Load and view data

In the window that opens, choose Load audio from file and select the downloaded recording of fly song. Alternatively, use the menu File/New from file.

Supported formats

Currently, the GUI can load audio data from a wide range of file types:


If your favorite format is not included in this list, convert it to a supported format.

Customizing loading

After selecting a file, a menu allows you to adjust things before loading:

loading screen

Fig. 12 Loading screen.

  • Dataset with audio: Select the variable in the npz, mat or h5 file that contains the audio data. For audio (e.g. wav) and npy files, this field will be empty since they do not contain multiple datasets.

  • Data format: The format for loading the file is inferred automatically but can be overridden here.

  • Audio sample rate (Hz): The audio sample rate is obtained from the file for audio files, and from the samplerate variable of npz files (see data formats). Enter the correct sample rate for formats that lack this information.

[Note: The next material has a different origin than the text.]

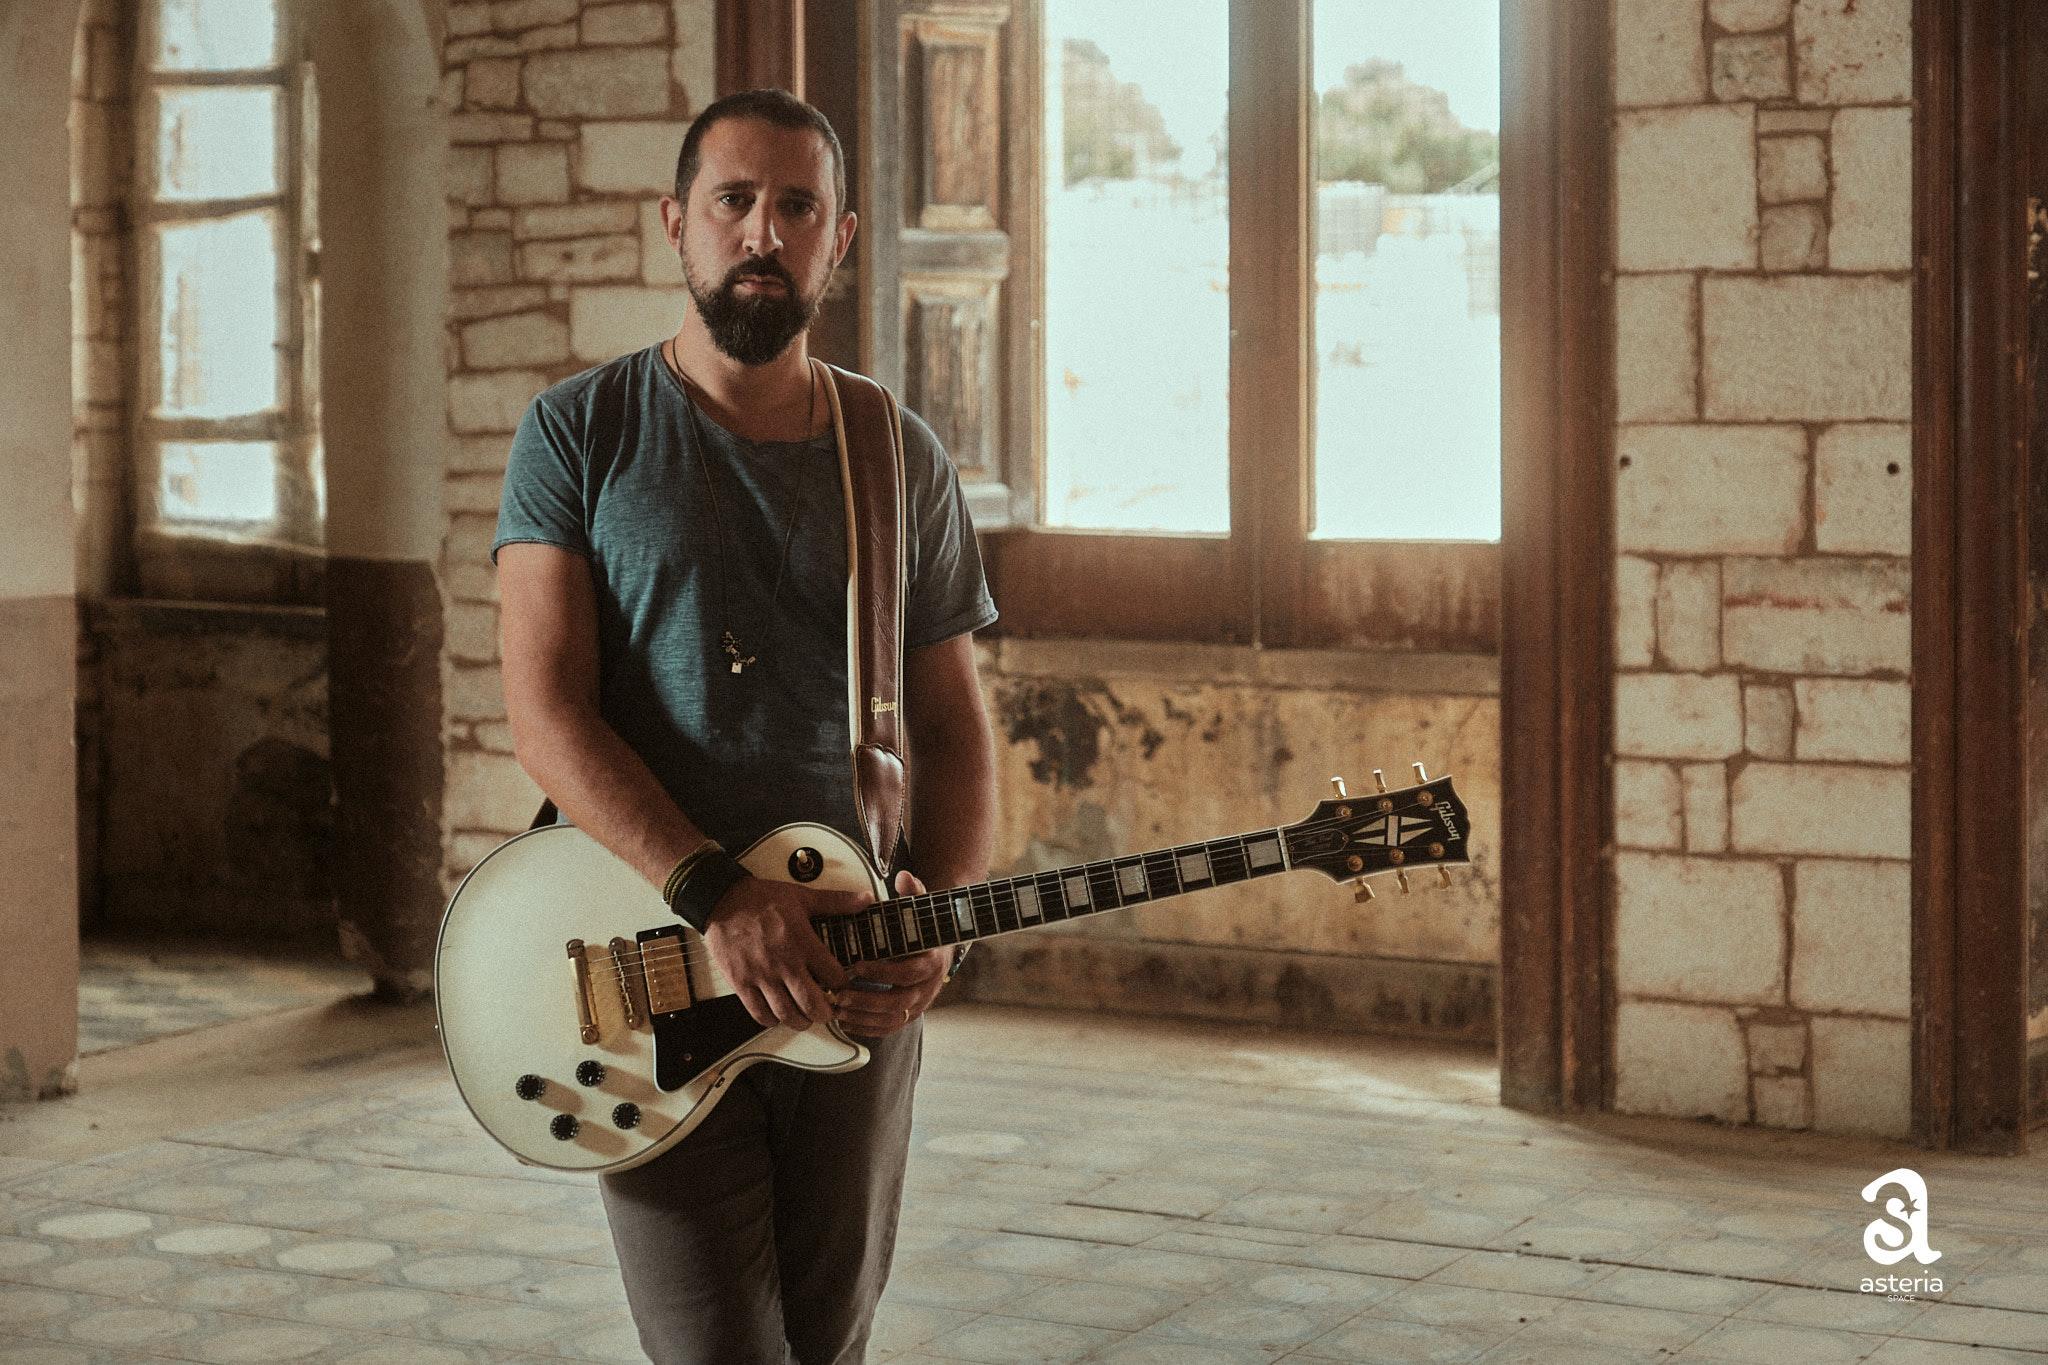 Matteo Palermo Love is Imperfect : nel suo nuovo brano il cantautore pugliese esalta le debolezze umane veicolo della bellezza

  • ignore_tracks (IGNORE)

  • crop width and height (IGNORE)

  • File with annotations: Load existing annotations from a csv file. Will default to the name of the audio file, ending in _annotations.csv. See here for a description of the expected content of that file. Select an alternative file via the Select File with annotations button. Will ignore the file if it does not exist or is malformed.

  • Initialize annotations: Initialize the song types you want to annotate. Song types and categories are specified with a string: “name,category;name2,category2” (category is either event or segment), for instance “pulse,event;sine,segments”. After loading, you can add, delete, and rename song types via the Audio/Add or edit annotation types menu.

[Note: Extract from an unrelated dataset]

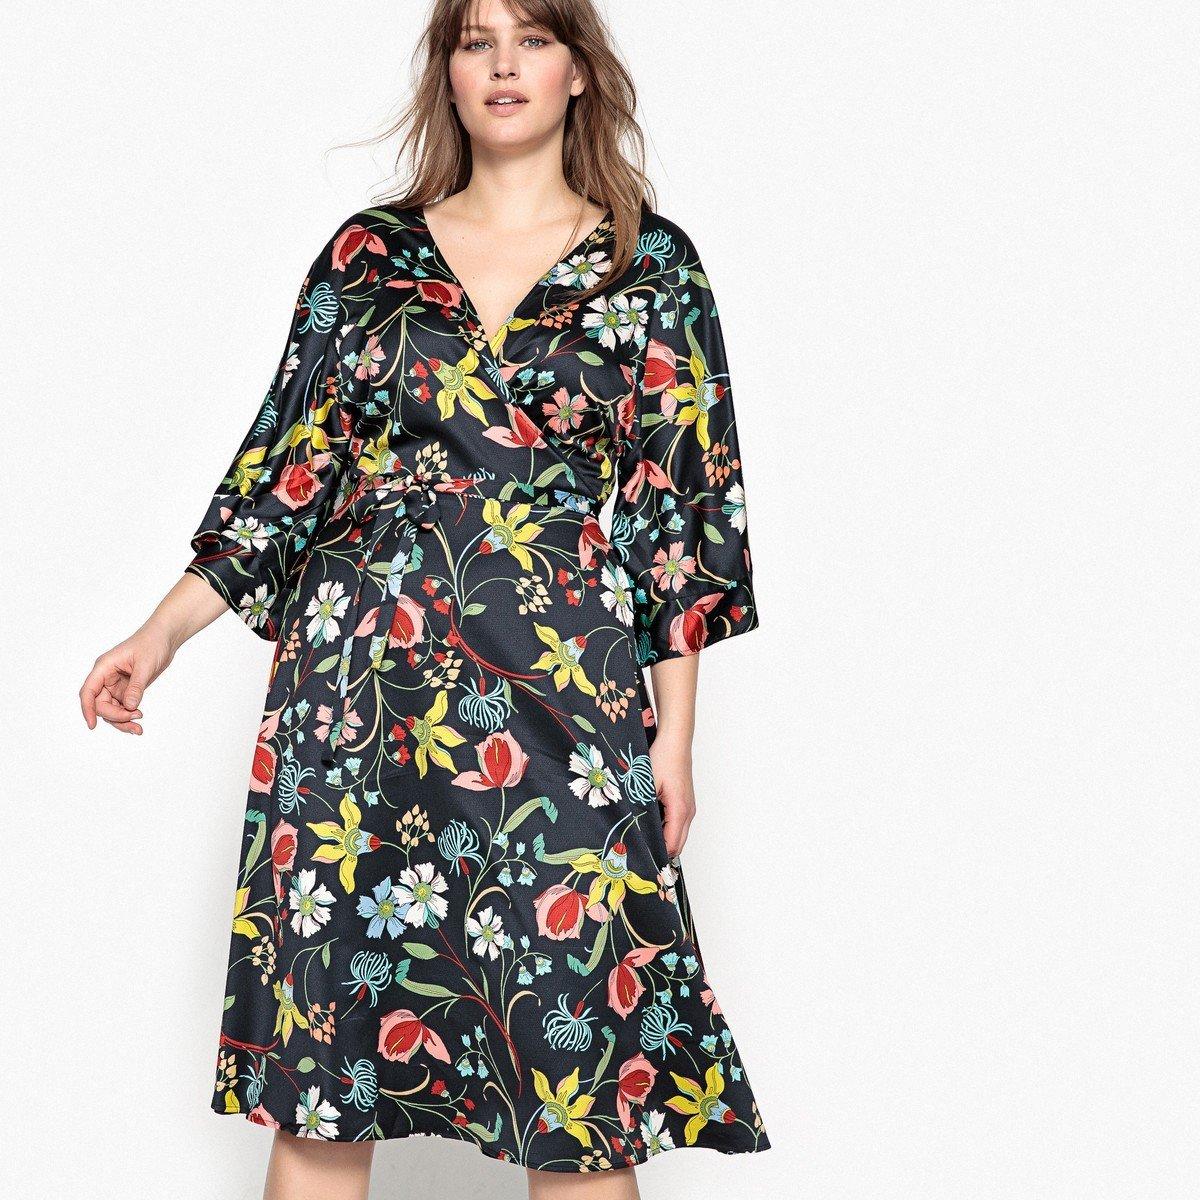 платье халат для полных женщин цветочное

  • Minimal/Maximal spectrogram frequency: Focus the range of frequencies in the spectrogram display on the frequencies that occur in the song you want to annotate. For instance, for fly song, we typically choose 50-1000Hz. If checking None, will default to the between 0 and half the audio sample rate.

  • Band-pass filter audio: To remove noise at high or low frequencies, specify the lower and upper frequency of the pass-band. Filtering will take a while for long, multi-channel audio. Caution: If you train a network using filtered data, you need to apply the same filter to all recordings you want to apply the network to.

  • Load cue points (IGNORE)


Many of these parameters are also exposed via the command-line when starting the GUI. See the command line docs for details.

Overview over the display and menus

The display shows audio data from all channels (gray) in the top panel, with the currently selected channel colored white. The spectrogram of the currently selected channel is shown in the lower panel.

To navigate the view: Move forward/backward along the time axis via the A/D keys and zoom in/out the time axis with the W/S keys (See Playback/). The temporal resolution of the spectrogram can be increased at the expense of frequency resolution with the R and T keys.

You can play back the waveform on display through headphones/speakers by pressing E.

waveform and spectrogram display

Fig. 13 Waveform (top) and spectrogram (bottom) display of a multi-channel recording.

For multi-channel audio, the waveform view can be further adjusted:

  • Hide the non-selected channels in the waveform view by toggling Audio/Show all channels.

  • Change the selected channel for which the spectrogram is displayed using the dropdown list on the upper right (“Channel …”). Or switch to next/previous channel with the up/down arrow keys.

  • Enable the automatic selection of the loudest channel in the current view with Q (or Audio/Autoselect loudest channel).